How about starting a political party of fascists? Not the most obvious course of action to many people, but Little Malcolm was not your obvious kind of film. It was an adaptation of David Halliwell's sixties theatrical play, dealing with the attitudes to fascism and how one man's target for lampoonery can be another man's corrosive and dangerous ideology. Not that it would have you rolling around on the floor, as what humour there was turned out rather bitter and awkward, as was fitting its characters, but this was not as difficult a play as might have seemed on the surface.

Five years before Monty Python's Life of Brian, here was George Harrison flexing his cinematic muscles as producer and essentially financial backer to the production, presumably because the subject matter appealled to him, being fond of material out of the norm, even challenging to some extent, in his cinema. Thus while Little Malcolm was not exactly visually arresting, being shot mainly on some of the dingiest locations the filmmakers could have found with pokey bedsits and chilly wasteground its speciality (a fall of snow only adds to the bleakness of the imagery), it was more in its thoughts that it went for the confrontational.

The cast, it had to be said, were notably overage to be playing young art students, evidently hired for their thespian skills over their physical qualities, which paid off to an extent, as you quickly forget about their appearance and become intrigued by where the plot is going. Much of the first half is made up of the plans to kidnap and humiliate, perhaps even murder, the tutor who Malcolm feels affronted by, and resembles a more serious predecessor to groundbreaking eighties sitcom The Young Ones, complete with lightly surreal episodes and humour drawn from the clash of character, especially between Malcolm and hanger-on Nipple (David Warner) who remains sceptical but is too much of an oddball to want to hang around with anyone else.

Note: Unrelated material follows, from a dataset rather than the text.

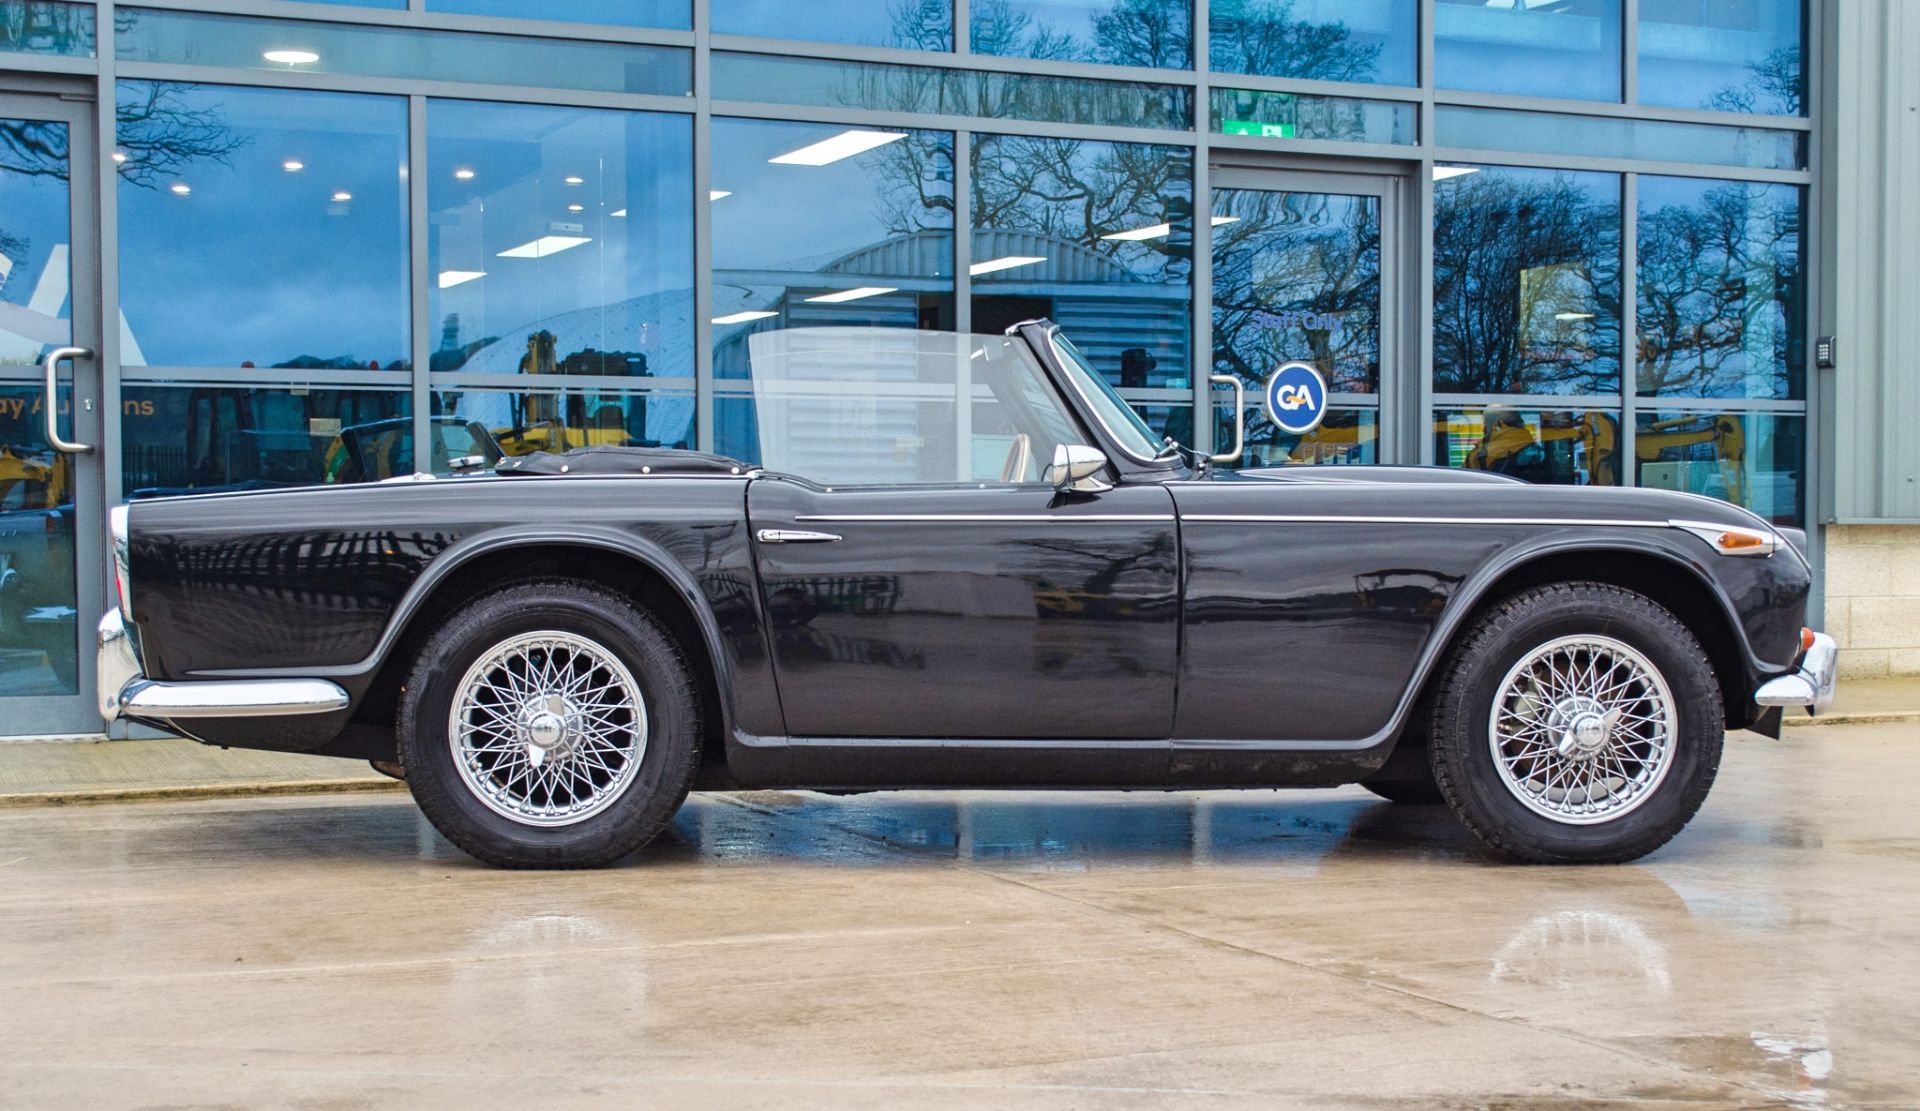 1967 Triumph TR4A IRS 2135cc convertible - Image 13 of 56

During this half we get scenes of the four members of this would-be vital political force arseing about, but there's another character who is even more sceptical than Nipple, and she's the girl who initially wishes to be romantically involved with Malcolm until she sees through his supposedly charismatic, actually morally barren posturing. Ann (Rosalind Ayres) only really has two scenes of any great significance, but she both brings out the point that ideological bully boys can be both ridiculed and sneered at, but also can turn nasty, even violent, when they outnumber their more reasonable and lucid opponents. It's this dichotomy between making fun of the extreme right wing and recognising that it is not something to be entertained that creates the tension, and if there's no way the film version escapes its theatrical origins, it was a valuable record of a play that could have easily been forgotten - although the film wasn't exactly a blockbuster, far from it. Music by Stanley Myers.